Douglas Henderson (January 14, 1919, in Montclair, New Jersey – April 5, 1978 in Studio City, California) was an American film and television actor.

Biography

Henderson served in the United States Marine Corps during World War II.

After having been active in stock theater in the eastern United States, Henderson shifted to film in 1952, with his appearance in Stanley Kramer's Eight Iron Men. Additional film appearances include the 1962 John Frankenheimer film The Manchurian Candidate, in which he played Col. Milt, the direct supervisor of the Maj. Marco character (played by Frank Sinatra).
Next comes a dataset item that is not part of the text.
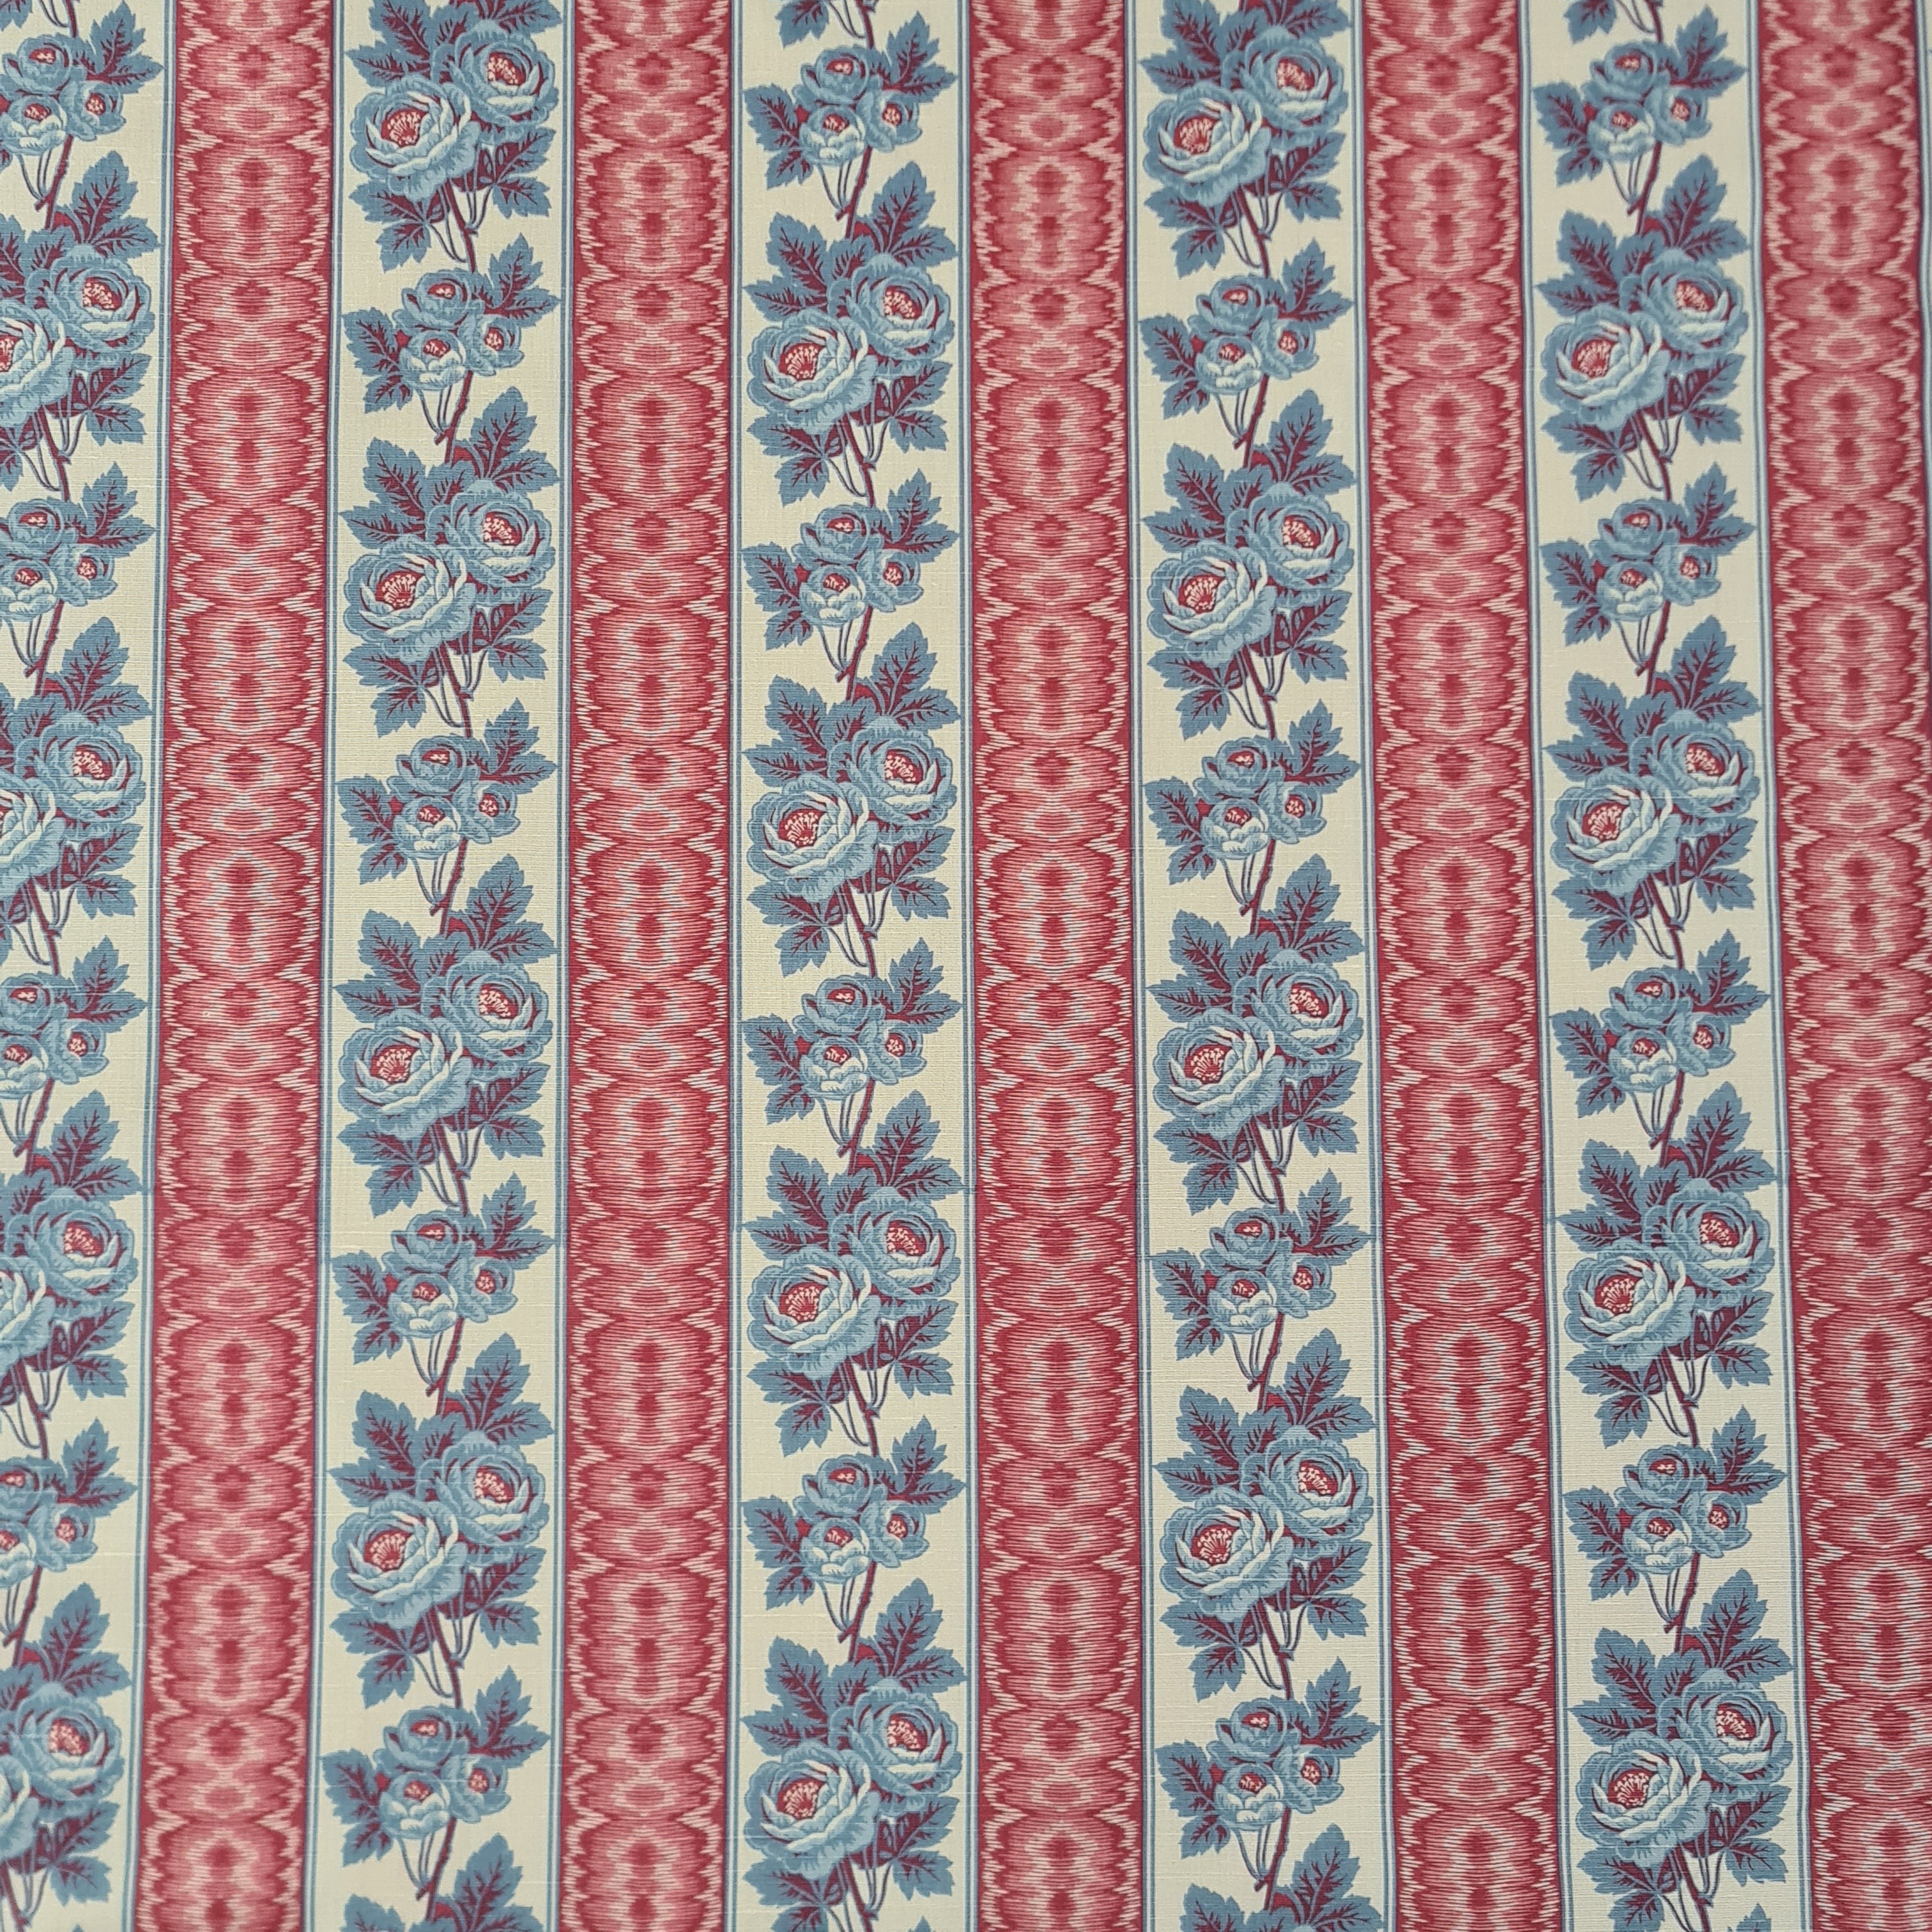 Jean Monro, Radclyffe Stripe - Haines Collection, Fabric – Haines

He played Congressman Morrissey in the 1968 comedy Stay Away, Joe starring Elvis Presley.

On television, Henderson made six guest appearances on Perry Mason, including the role of title character and defendant Felix Heidemann in the 1960 episode, "The Case of the Clumsy Clown". In 1963, he again played the defendant, this time Dwight Garrett, in "The Case of the Elusive Element". In 1965, he played murder victim Frank Jones, alias Frank Jensen, in "The Case of the Wrongful Writ", and in 1966, he again played the defendant, Greg Stanley, in "The Case of the Crafty Kidnapper".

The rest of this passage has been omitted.